Stanford Students Deploy Deep Learning with Planet Imagery

As Planet’s Education and Research Community continues to grow, students are increasingly working with Planet imagery in college courses. At Stanford University, several students recently utilized Planet imagery in Computer Science 230: Deep Learning.

Ian Avery Bick, Dennis Wang and Ben Mullet examined deforestation near Kibale National Park in Southern Uganda, an incredibly diverse tropical forest, and home to a large Chimpanzee population.

Ian and team used the “U-Net” algorithm, originally devised for biomedical image segmentation, to separate forest patches from surrounding non-forest habitat, producing a binary classification. They subsequently expanded their effort to parse forest density across multiple classes. Read their final report here.

Zac Espinosa, Ben Gaiarin and Michael Vobejda explored Schistosomiasis risk in the Senegal River Basin. Schistosomes are parasitic flatworms that affects approximately a quarter of a million people each year, with thousands of fatalities. Schistosome larva infect freshwater snails, and the habitat of these snails may be investigated from space.

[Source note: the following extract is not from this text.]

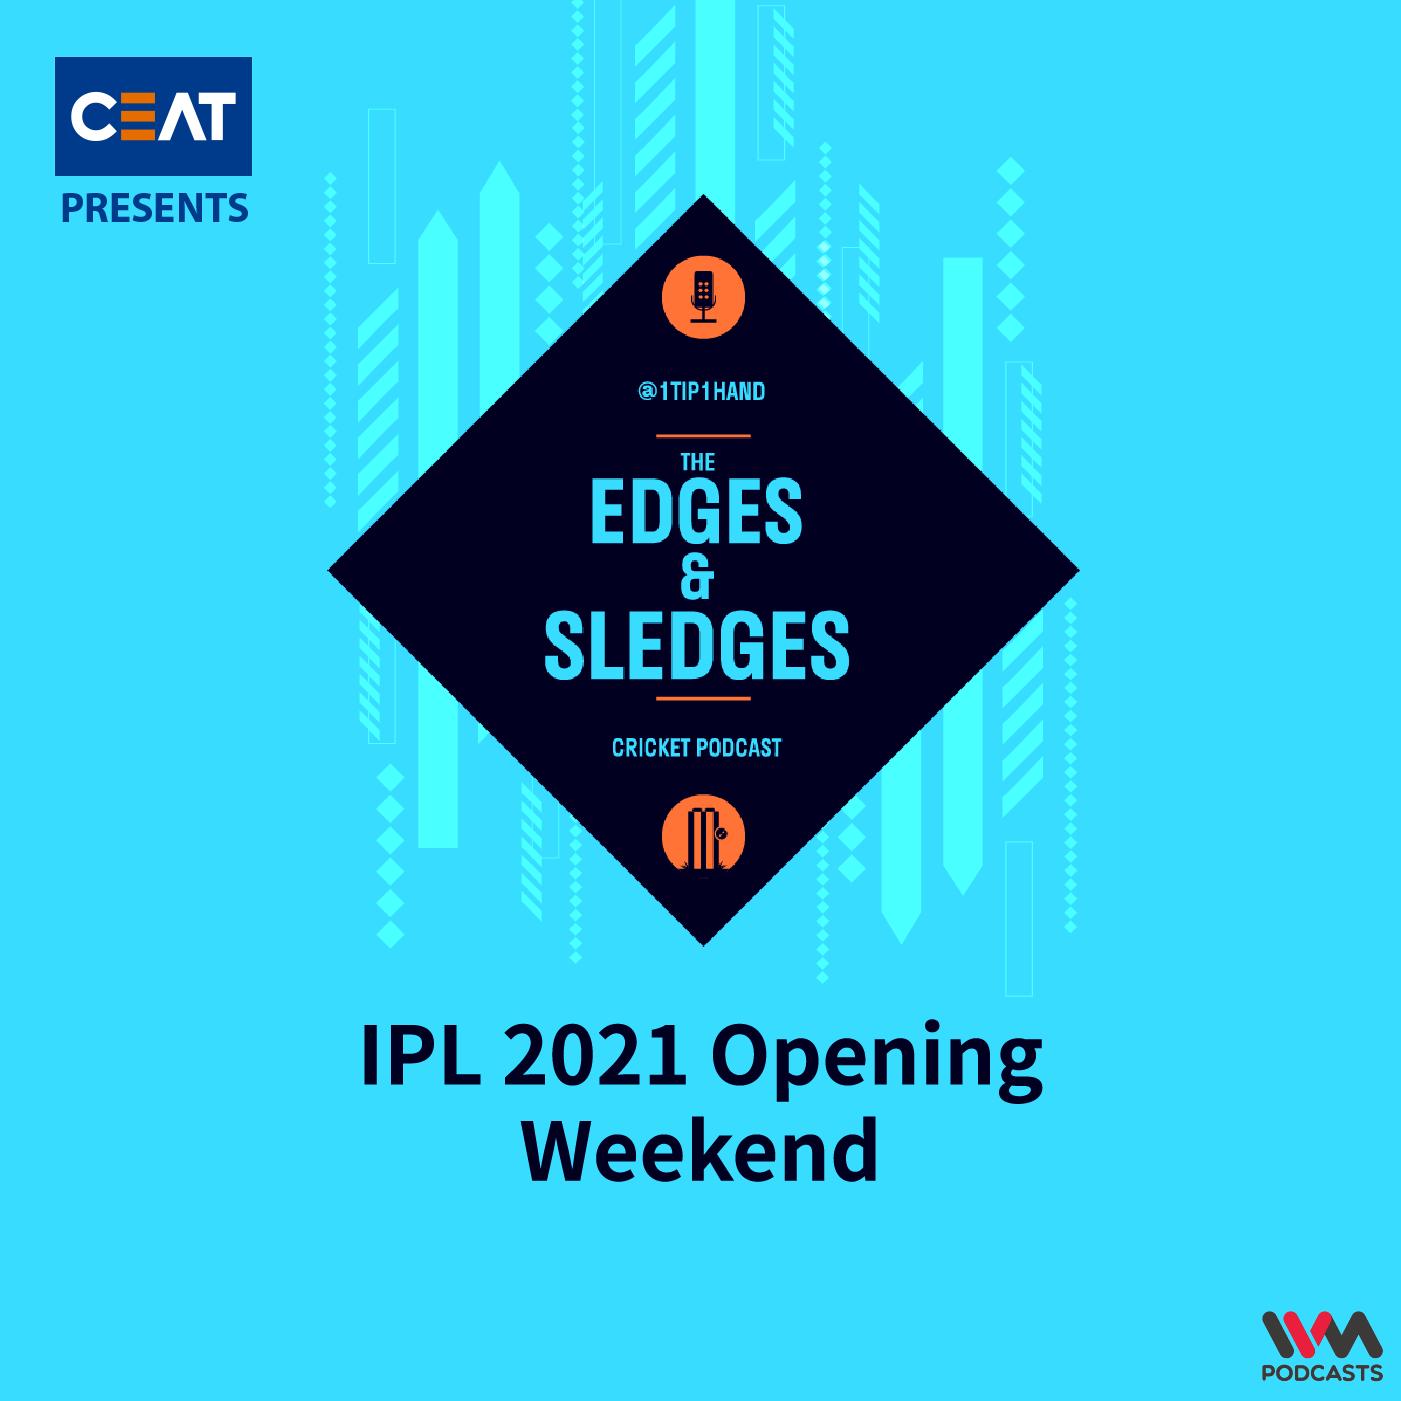 Ep. 166: IPL 2021 Opening Weekend

Zac and team used a branching convolutional network to map floating and emergent vegetation along the Senegal River in order to produce maps of disease risk. Read their final report here.

If you or your students are interested in working with Planet data in coursework, join our Education and Research Community!

The “U-Net” architecture, a convolutional network developed for medical imaging by Ronneberger et al., moves through different pixel resolutions to generate a segmentation. The approach was deployed by Ian Avery Block and his CS230 team at Stanford to map forest loss near Kibale National Park, Uganda.